Start of Block
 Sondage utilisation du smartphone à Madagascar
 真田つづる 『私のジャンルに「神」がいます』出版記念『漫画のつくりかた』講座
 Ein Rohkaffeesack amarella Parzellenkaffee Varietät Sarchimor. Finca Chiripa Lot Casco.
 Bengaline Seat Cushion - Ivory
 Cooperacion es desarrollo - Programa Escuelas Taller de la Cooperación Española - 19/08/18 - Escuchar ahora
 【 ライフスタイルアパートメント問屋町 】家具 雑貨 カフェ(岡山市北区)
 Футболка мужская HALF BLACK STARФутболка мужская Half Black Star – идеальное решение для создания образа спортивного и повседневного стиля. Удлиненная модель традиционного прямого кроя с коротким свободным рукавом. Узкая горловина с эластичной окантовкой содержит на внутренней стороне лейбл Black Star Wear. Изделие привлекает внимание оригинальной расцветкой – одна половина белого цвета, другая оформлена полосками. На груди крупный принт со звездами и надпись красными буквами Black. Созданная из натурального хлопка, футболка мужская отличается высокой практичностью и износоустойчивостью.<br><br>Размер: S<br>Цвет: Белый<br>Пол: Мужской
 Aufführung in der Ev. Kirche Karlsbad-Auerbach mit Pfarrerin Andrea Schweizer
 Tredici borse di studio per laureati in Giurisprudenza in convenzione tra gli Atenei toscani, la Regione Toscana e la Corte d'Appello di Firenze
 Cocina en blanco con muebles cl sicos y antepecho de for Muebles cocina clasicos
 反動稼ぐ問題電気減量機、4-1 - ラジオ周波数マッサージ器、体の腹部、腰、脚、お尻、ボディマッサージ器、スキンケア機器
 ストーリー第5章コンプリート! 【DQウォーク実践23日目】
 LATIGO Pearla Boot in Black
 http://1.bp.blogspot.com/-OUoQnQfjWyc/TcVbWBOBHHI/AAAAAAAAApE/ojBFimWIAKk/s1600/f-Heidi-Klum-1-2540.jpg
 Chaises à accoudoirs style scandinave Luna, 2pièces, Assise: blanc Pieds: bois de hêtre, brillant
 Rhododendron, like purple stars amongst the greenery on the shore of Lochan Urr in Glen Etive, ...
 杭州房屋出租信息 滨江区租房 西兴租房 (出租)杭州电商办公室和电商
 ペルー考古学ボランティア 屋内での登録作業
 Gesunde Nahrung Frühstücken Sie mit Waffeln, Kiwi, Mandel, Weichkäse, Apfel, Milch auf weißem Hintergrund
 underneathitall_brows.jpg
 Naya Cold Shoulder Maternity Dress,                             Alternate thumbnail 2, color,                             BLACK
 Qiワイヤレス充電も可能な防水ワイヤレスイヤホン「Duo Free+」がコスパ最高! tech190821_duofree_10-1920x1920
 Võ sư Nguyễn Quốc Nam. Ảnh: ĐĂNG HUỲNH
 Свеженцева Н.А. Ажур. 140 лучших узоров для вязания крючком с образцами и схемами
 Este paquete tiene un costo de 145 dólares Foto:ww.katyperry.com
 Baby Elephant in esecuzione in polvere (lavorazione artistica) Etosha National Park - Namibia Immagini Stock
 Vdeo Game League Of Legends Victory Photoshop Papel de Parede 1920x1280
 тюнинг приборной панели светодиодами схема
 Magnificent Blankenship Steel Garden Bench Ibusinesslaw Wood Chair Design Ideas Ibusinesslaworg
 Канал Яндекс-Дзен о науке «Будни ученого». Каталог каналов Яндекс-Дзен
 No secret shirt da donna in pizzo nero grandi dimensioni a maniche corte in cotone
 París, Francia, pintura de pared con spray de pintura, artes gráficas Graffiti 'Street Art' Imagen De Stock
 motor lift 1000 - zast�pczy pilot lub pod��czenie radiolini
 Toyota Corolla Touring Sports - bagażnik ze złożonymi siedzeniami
End of Block
> **Exercise brief**
Write the lines out exactly, from the one with "Rhododendron, like purple" down to the last line of the listing, and leave out all others.

> **Response**
 Rhododendron, like purple stars amongst the greenery on the shore of Lochan Urr in Glen Etive, ...
 杭州房屋出租信息 滨江区租房 西兴租房 (出租)杭州电商办公室和电商
 ペルー考古学ボランティア 屋内での登録作業
 Gesunde Nahrung Frühstücken Sie mit Waffeln, Kiwi, Mandel, Weichkäse, Apfel, Milch auf weißem Hintergrund
 underneathitall_brows.jpg
 Naya Cold Shoulder Maternity Dress,                             Alternate thumbnail 2, color,                             BLACK
 Qiワイヤレス充電も可能な防水ワイヤレスイヤホン「Duo Free+」がコスパ最高! tech190821_duofree_10-1920x1920
 Võ sư Nguyễn Quốc Nam. Ảnh: ĐĂNG HUỲNH
 Свеженцева Н.А. Ажур. 140 лучших узоров для вязания крючком с образцами и схемами
 Este paquete tiene un costo de 145 dólares Foto:ww.katyperry.com
 Baby Elephant in esecuzione in polvere (lavorazione artistica) Etosha National Park - Namibia Immagini Stock
 Vdeo Game League Of Legends Victory Photoshop Papel de Parede 1920x1280
 тюнинг приборной панели светодиодами схема
 Magnificent Blankenship Steel Garden Bench Ibusinesslaw Wood Chair Design Ideas Ibusinesslaworg
 Канал Яндекс-Дзен о науке «Будни ученого». Каталог каналов Яндекс-Дзен
 No secret shirt da donna in pizzo nero grandi dimensioni a maniche corte in cotone
 París, Francia, pintura de pared con spray de pintura, artes gráficas Graffiti 'Street Art' Imagen De Stock
 motor lift 1000 - zast�pczy pilot lub pod��czenie radiolini
 Toyota Corolla Touring Sports - bagażnik ze złożonymi siedzeniami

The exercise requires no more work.